[[ DATA RECORDS, beginning ]]

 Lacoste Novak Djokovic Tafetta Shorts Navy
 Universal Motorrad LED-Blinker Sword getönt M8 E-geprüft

[[ DATA RECORDS, end ]]
[[ DATA RECORDS, beginning ]]

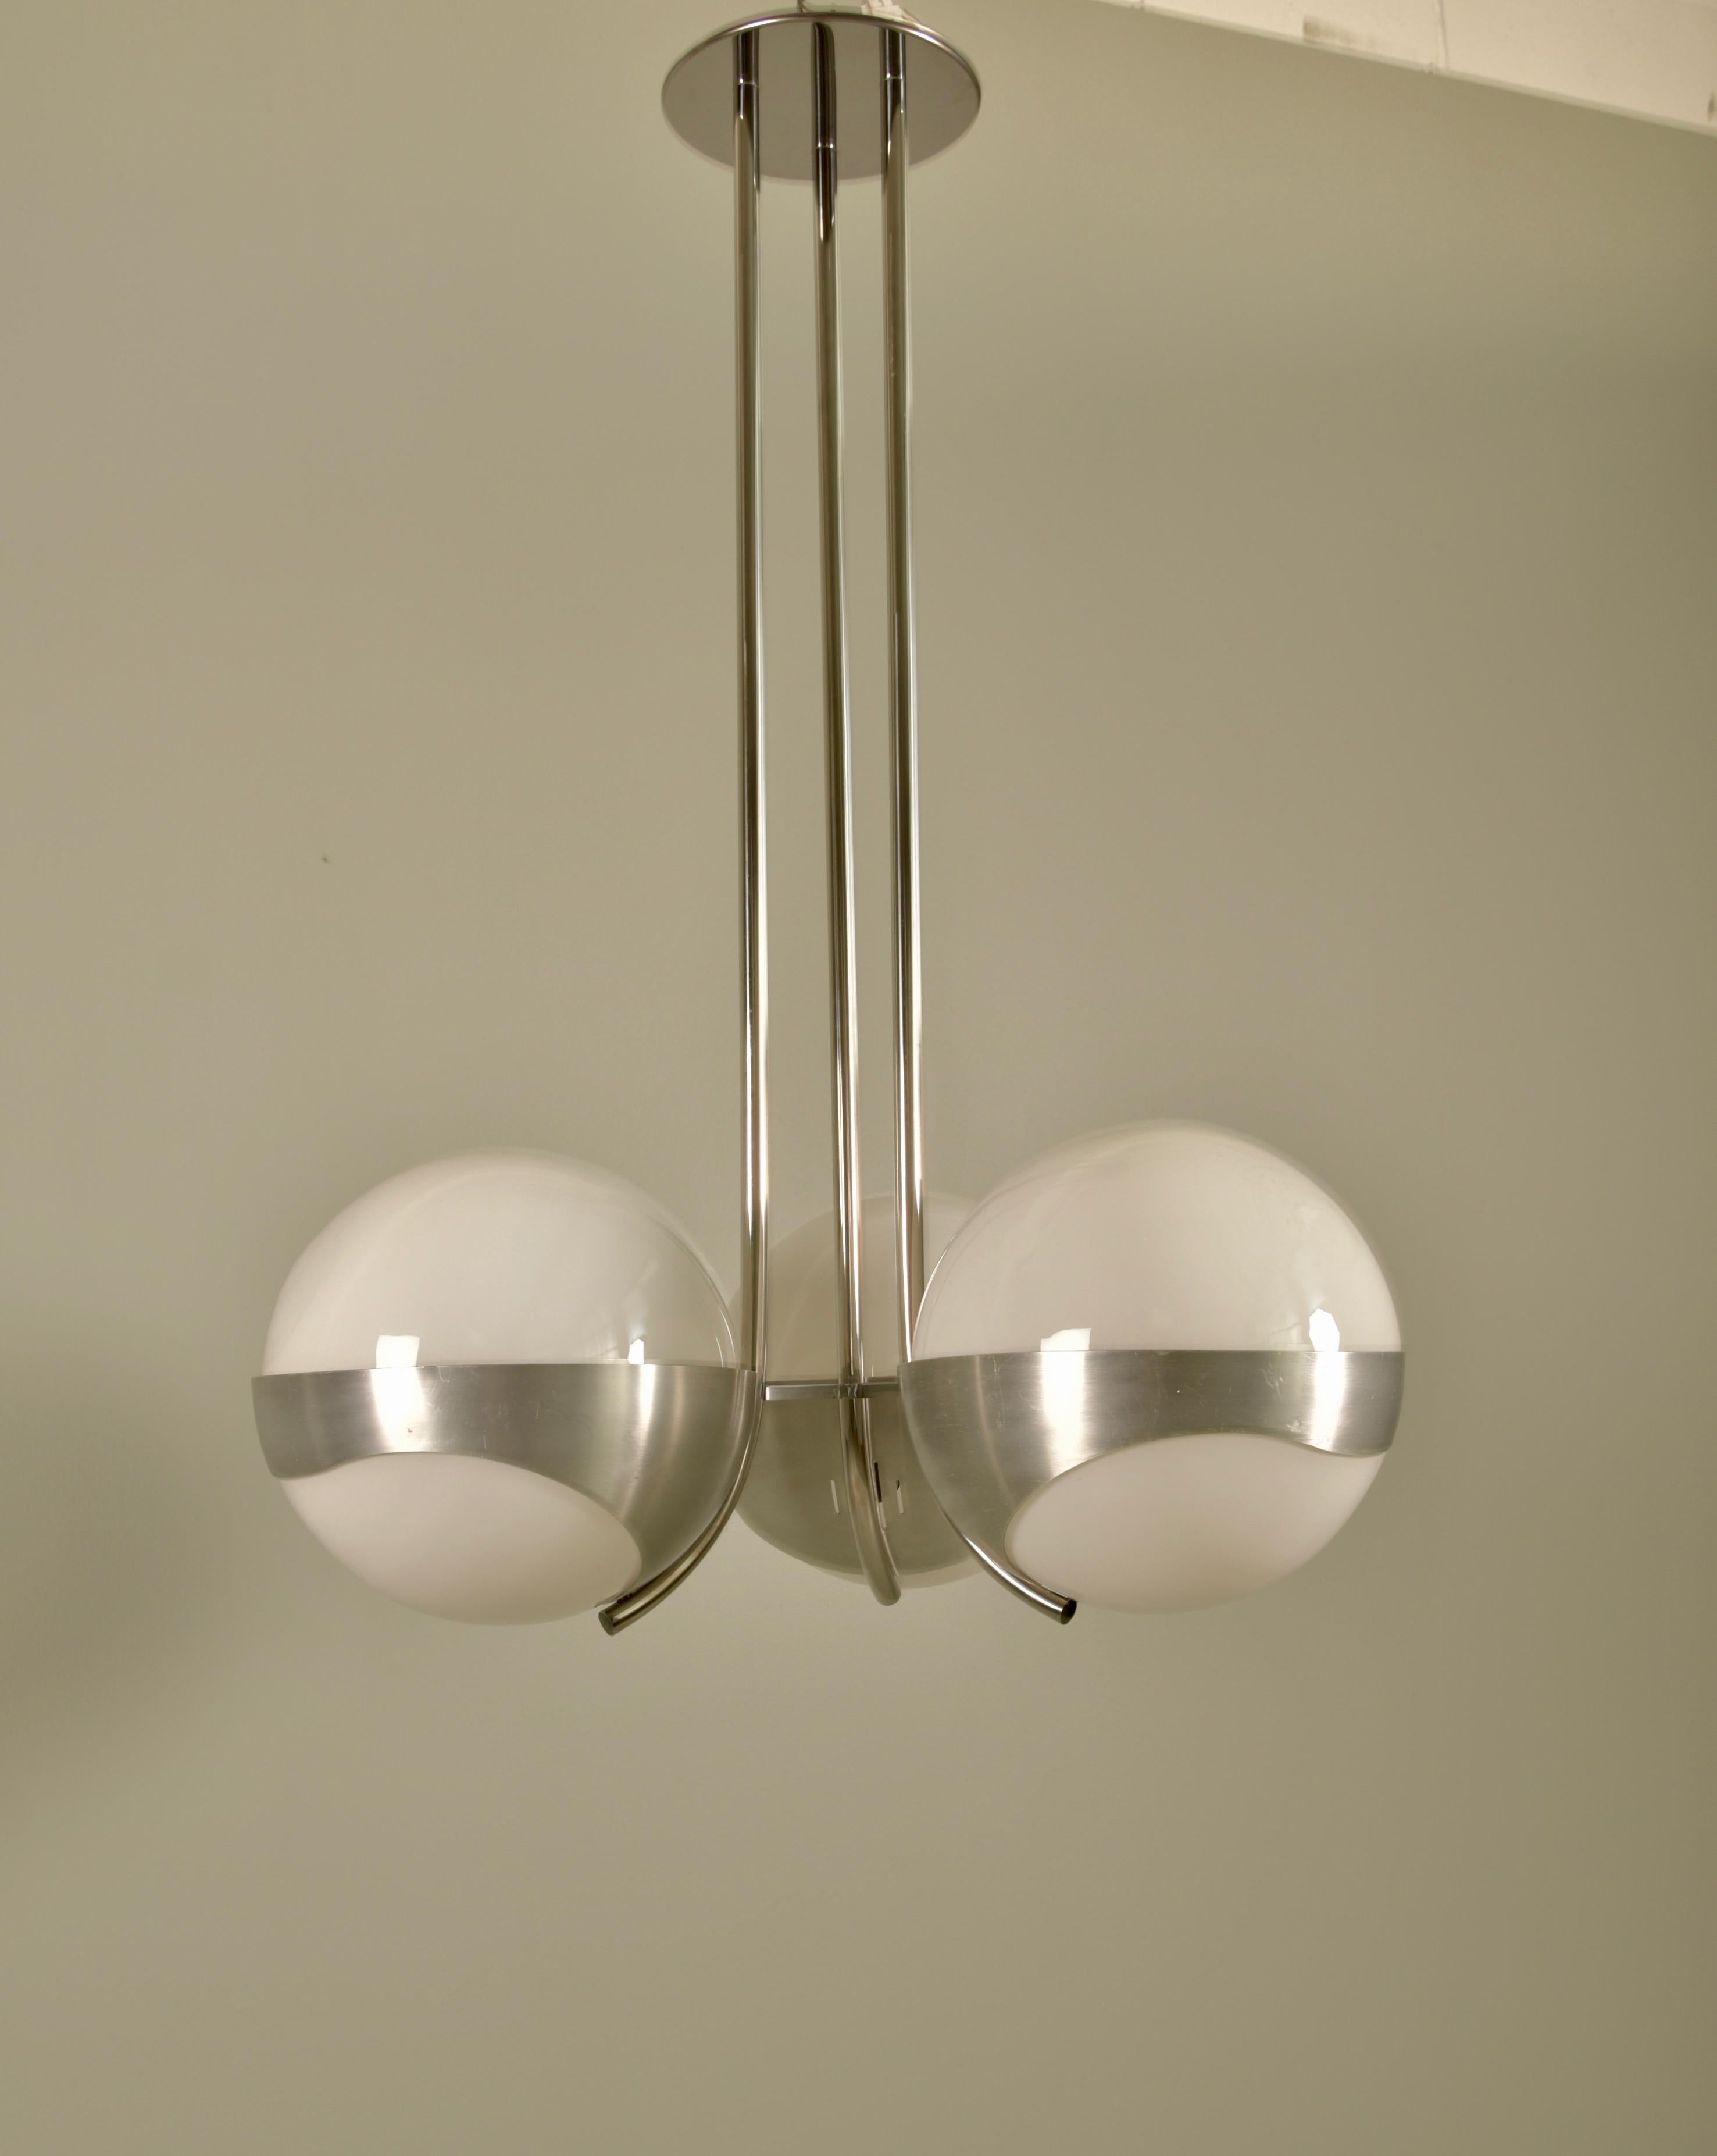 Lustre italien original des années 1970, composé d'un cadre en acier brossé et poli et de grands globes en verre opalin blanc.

[[ DATA RECORDS, end ]]
[[ DATA RECORDS, beginning ]]

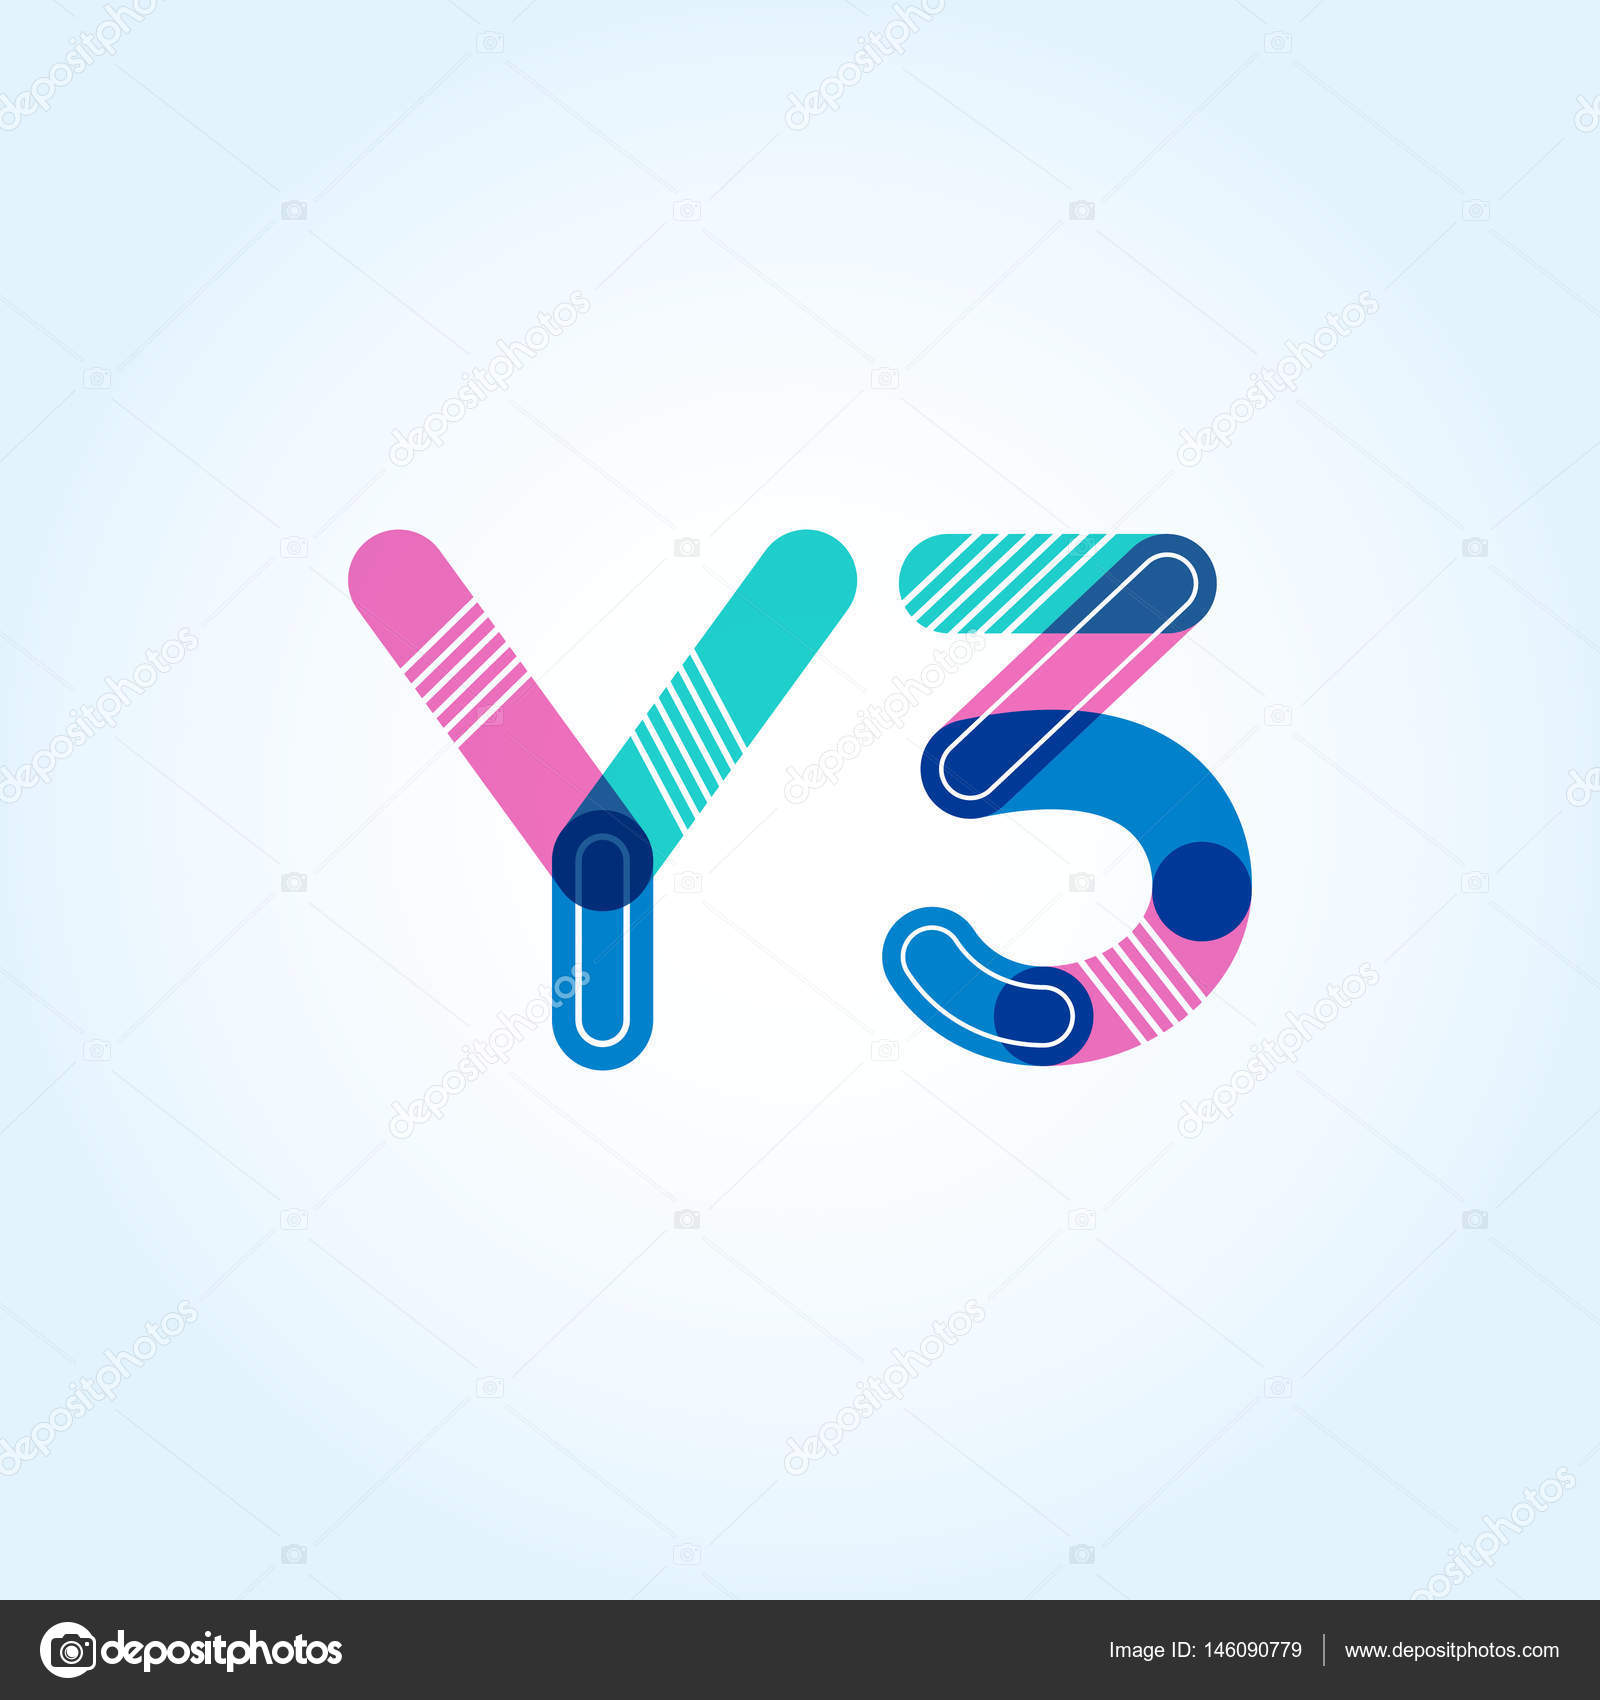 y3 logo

[[ DATA RECORDS, end ]]

## EXERCISE REQUIREMENTS
Of the entries above, transcribe exactly those lines that fall between the line containing "Lacoste Novak Djokovic Tafetta Shorts Navy" and the line containing "Universal Motorrad LED-Blinker", together with those two lines.

## OUTPUT FOR THIS EXERCISE
 Lacoste Novak Djokovic Tafetta Shorts Navy
 Universal Motorrad LED-Blinker Sword getönt M8 E-geprüft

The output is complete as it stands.